WGCNA R software (v 1.66) [3] was used here to divide 5360 of Streptomyces sp. SCUT-3 genes into modules that have similar expression patterns. With a combination of signed network type and bicor correlation method, genes were robustly positive-correlated with each other in the same module. In this study, the scale-free topological fitting index of the soft threshold cannot exceed more than 0.8 after reaching the power value 30, but no abnormal samples are found after checking at the clustering results. Therefore, we inferred that this difference is caused by the special biological significance, and selected the empirical power value 6 for carrying out the follow-up WGCNA analysis to construct a more conservative co-expression network (Figure showed below the file description table).

The file description is showed as below:
feather_lb and feather are experimental group for Streptomyces sp. SCUT-3 cultured LB (Luria broth) culture medium (control) or culture medium with feather add-in, chitin_lb and chitin are another group for Streptomyces sp. SCUT-3 cultured LB culture medium (control) or culture medium with chitin add-in.

Sample Sample_Name Sample_Group
chitin-2 chitin-2 chitin
chitin-3 chitin-3 chitin
chitin-lb-1 chitin-lb-1 chitin-lb
chitin-lb-2 chitin-lb-2 chitin-lb
chitin-lb-3 chitin-lb-3 chitin-lb
feather-1 feather-1 feather
feather-2 feather-2 feather
feather-lb-1 feather-lb-1 feather-lb
feather-lb-2 feather-lb-2 feather-lb

It is worth mentioning that we also developed and provided a Qt compiled software to automatically finishe the WGCNA analyses! (see navigation 'Software')

Reference

[1] Horvath S (2011). Weighted Network Analysis: Application in Genomics and Systems Biology. New York, NY: Springer. ISBN 978-1-4419-8818-8.

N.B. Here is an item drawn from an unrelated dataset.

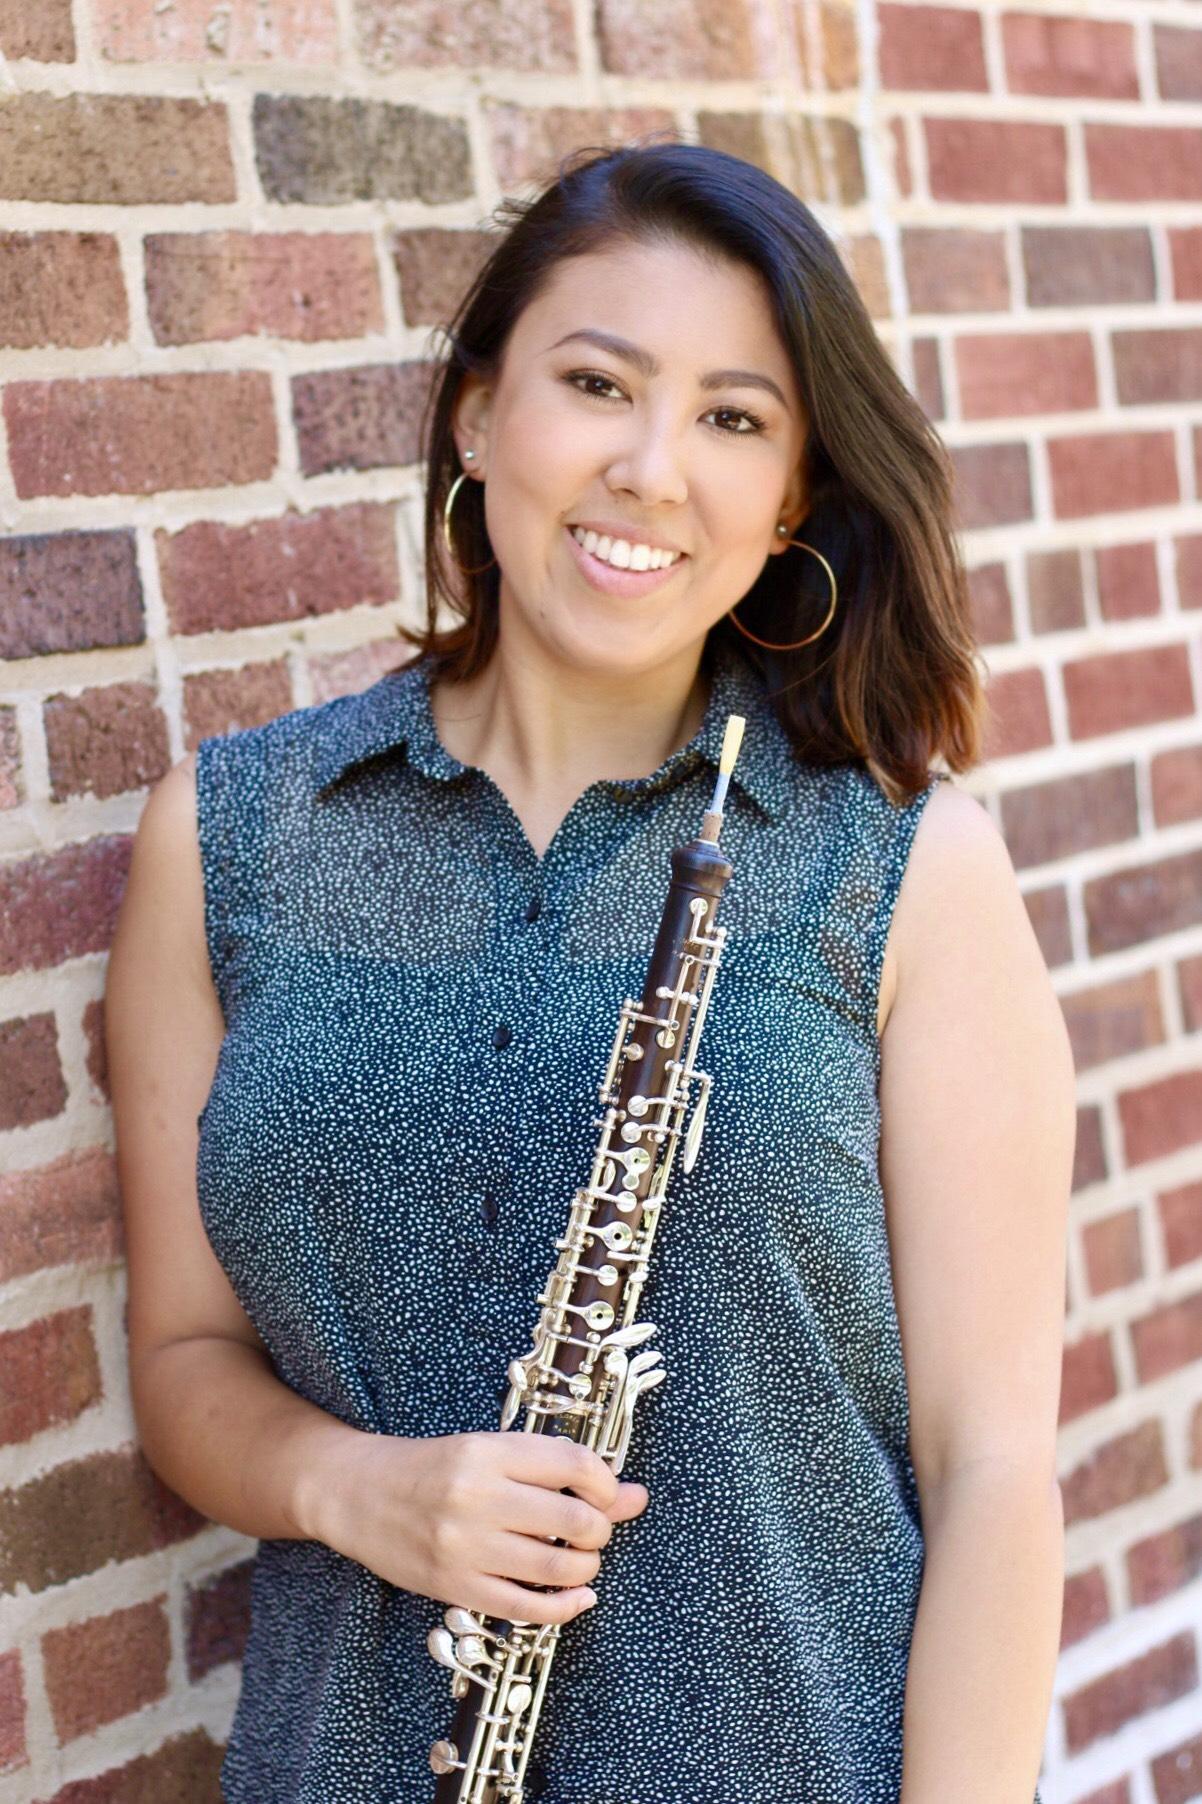 Second Oboe

[2] Langfelder P, Mischel PS, Horvath S, Ravasi T (17 April 2013). "When Is Hub Gene Selection Better than Standard Meta-Analysis?". PLOS ONE. 8 (4): e61505. Bibcode:2013PLoSO...861505L. doi:10.1371/journal.pone.0061505. PMC 3629234. PMID 23613865.

[3] Langfelder P, Horvath S. WGCNA: an R package for weighted correlation network analysis. BMC Bioinformatics. 2008;9:559. doi: 10.1186/1471-2105-9-559. PubMed PMID: 19114008; PubMed Central PMCID: PMCPMC2631488.